SEC. 127. DRINKING WATER ADVISORY COUNCIL.





    The second sentence of section 1446(a) <<NOTE: 42 USC 300j-5.>> (42 


U.S.C. 300j-6(a)) is amended by inserting before the period at the end 


the following: ``, of which two such members shall be associated with 


small, rural public water systems''.





SEC. 128. NEW YORK CITY WATERSHED PROTECTION PROGRAM.

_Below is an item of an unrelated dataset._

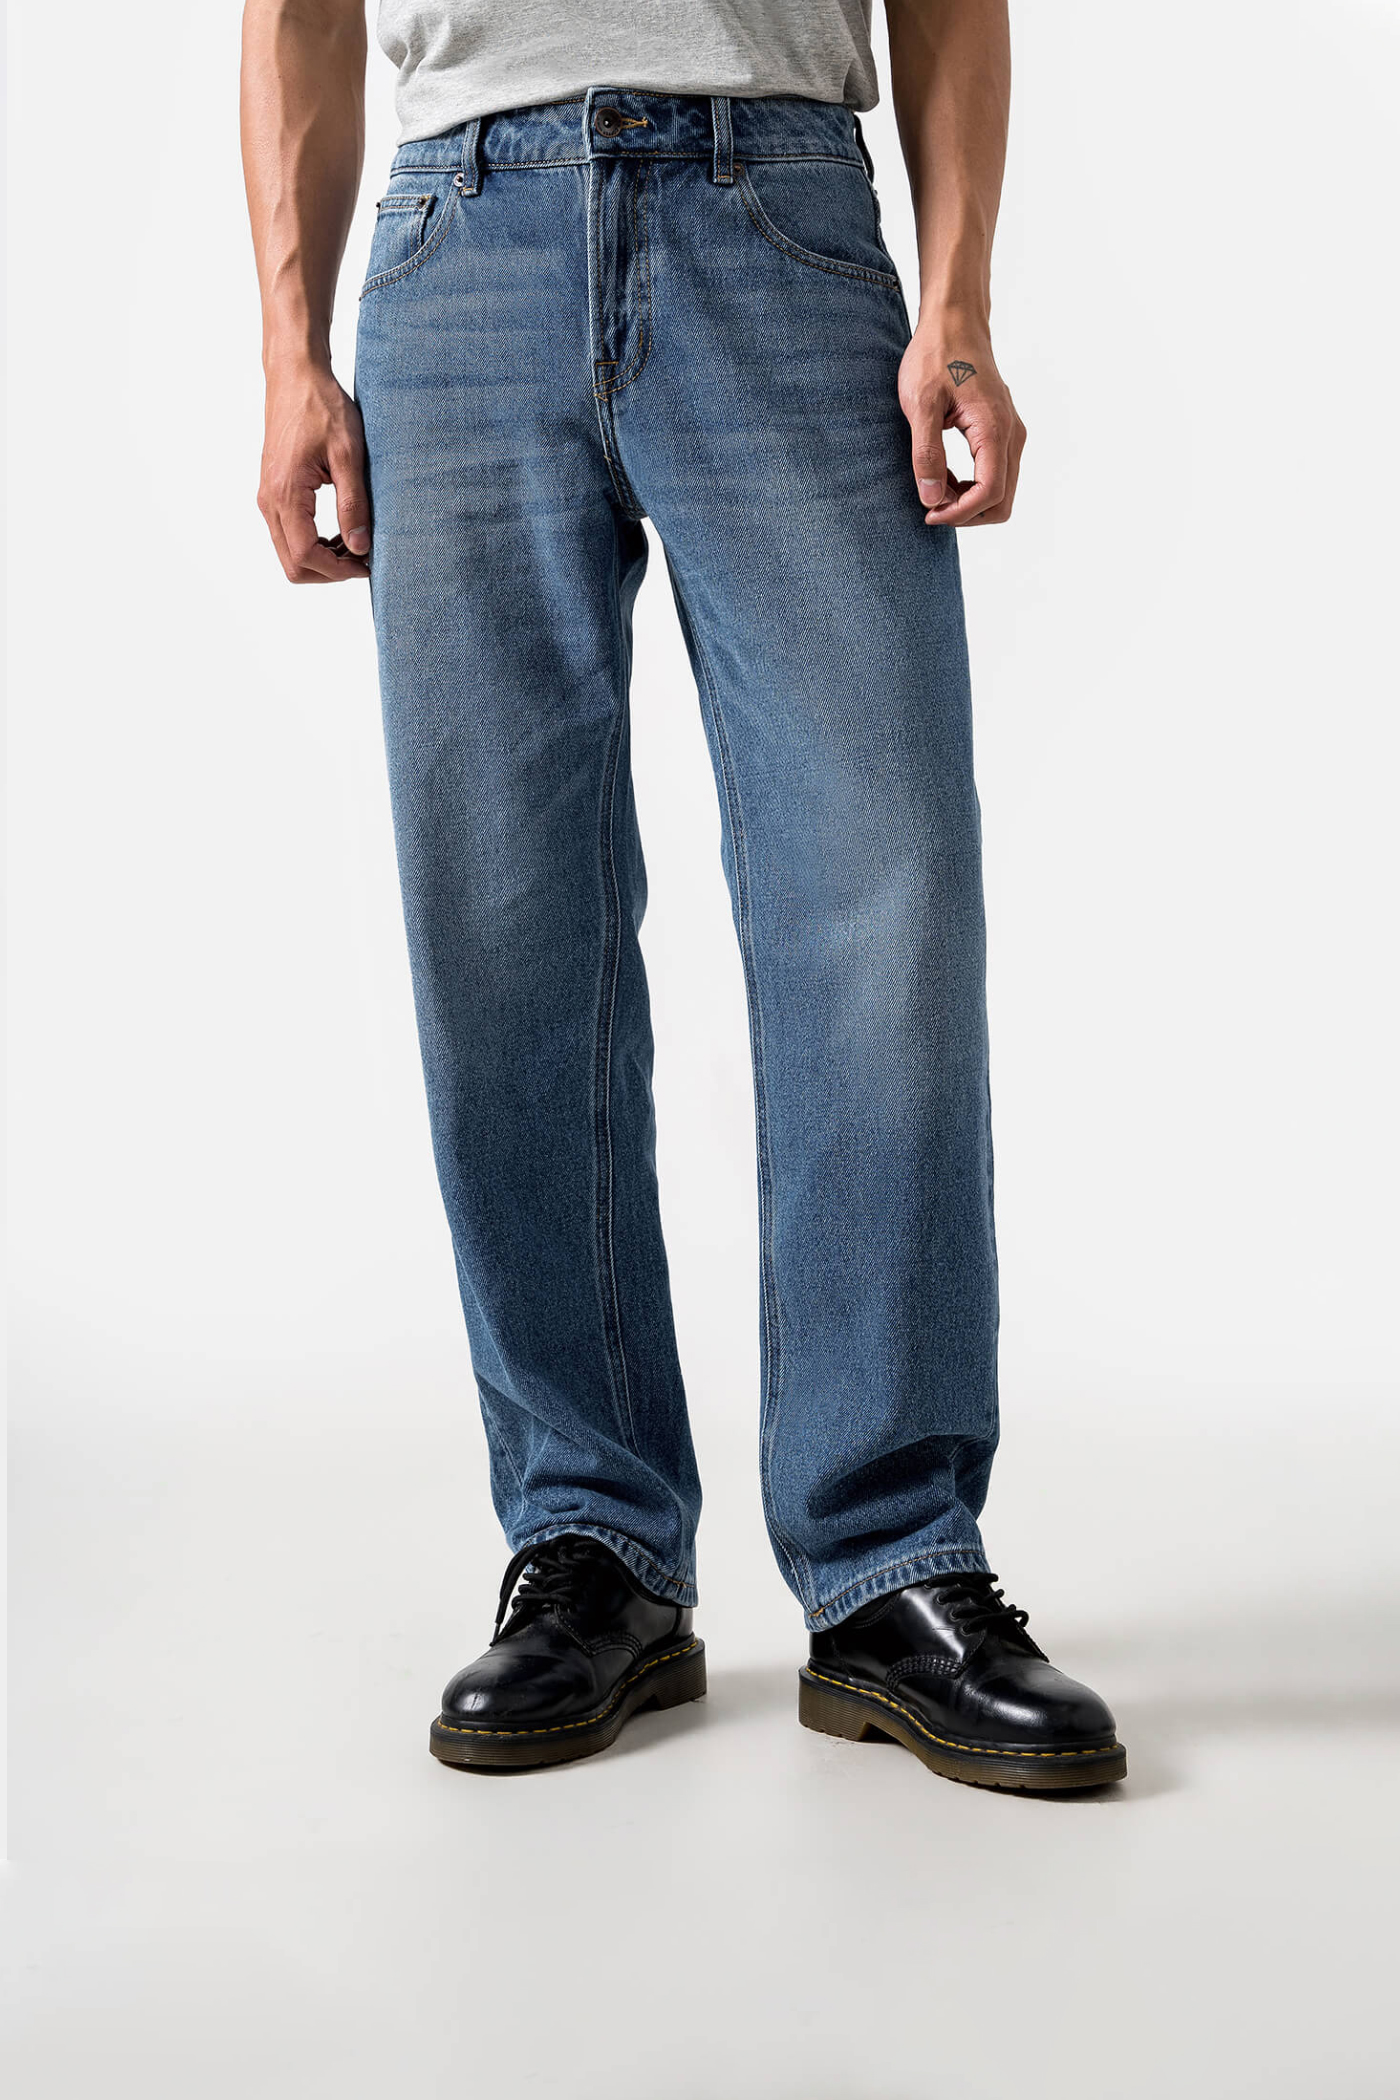 Jeans Copper Denim Straight xanh-nhat

    Section 1443 (42 U.S.C. 300j-2) is amended by adding at the end the 


following:


    ``(d) New York City Watershed Protection Program.--


            ``(1) In general.--The Administrator is authorized to 


        provide financial assistance to the State of New York for 


        demonstration projects implemented as part of the watershed 


        program for the protection and enhancement of the quality of 


        source waters of the New York City water supply system, 


        including projects that demonstrate, assess, or provide for 


        comprehensive monitoring and surveillance and projects necessary 


        to comply with the criteria for avoiding filtration contained in 


        40 CFR 141.71. Demonstration projects which shall be eligible 


        for financial assistance shall be certified to the Administrator 


        by the State of New York as satisfying the purposes of this 


        subsection. In certifying projects to the Administrator, the 


        State of New York shall give priority to monitoring projects 


        that have undergone peer review.


            ``(2) Report.--Not later than 5 years after the date on 


        which the Administrator first provides assistance pursuant to 


        this paragraph, the Governor of the State of New York shall 


        submit a report to the Administrator on the results of projects 


        assisted.


            ``(3) Matching requirements.--Federal assistance provided 


        under this subsection shall not exceed 50 percent of the total 


        cost of the protection program being carried out for any 


        particular watershed or ground water recharge area.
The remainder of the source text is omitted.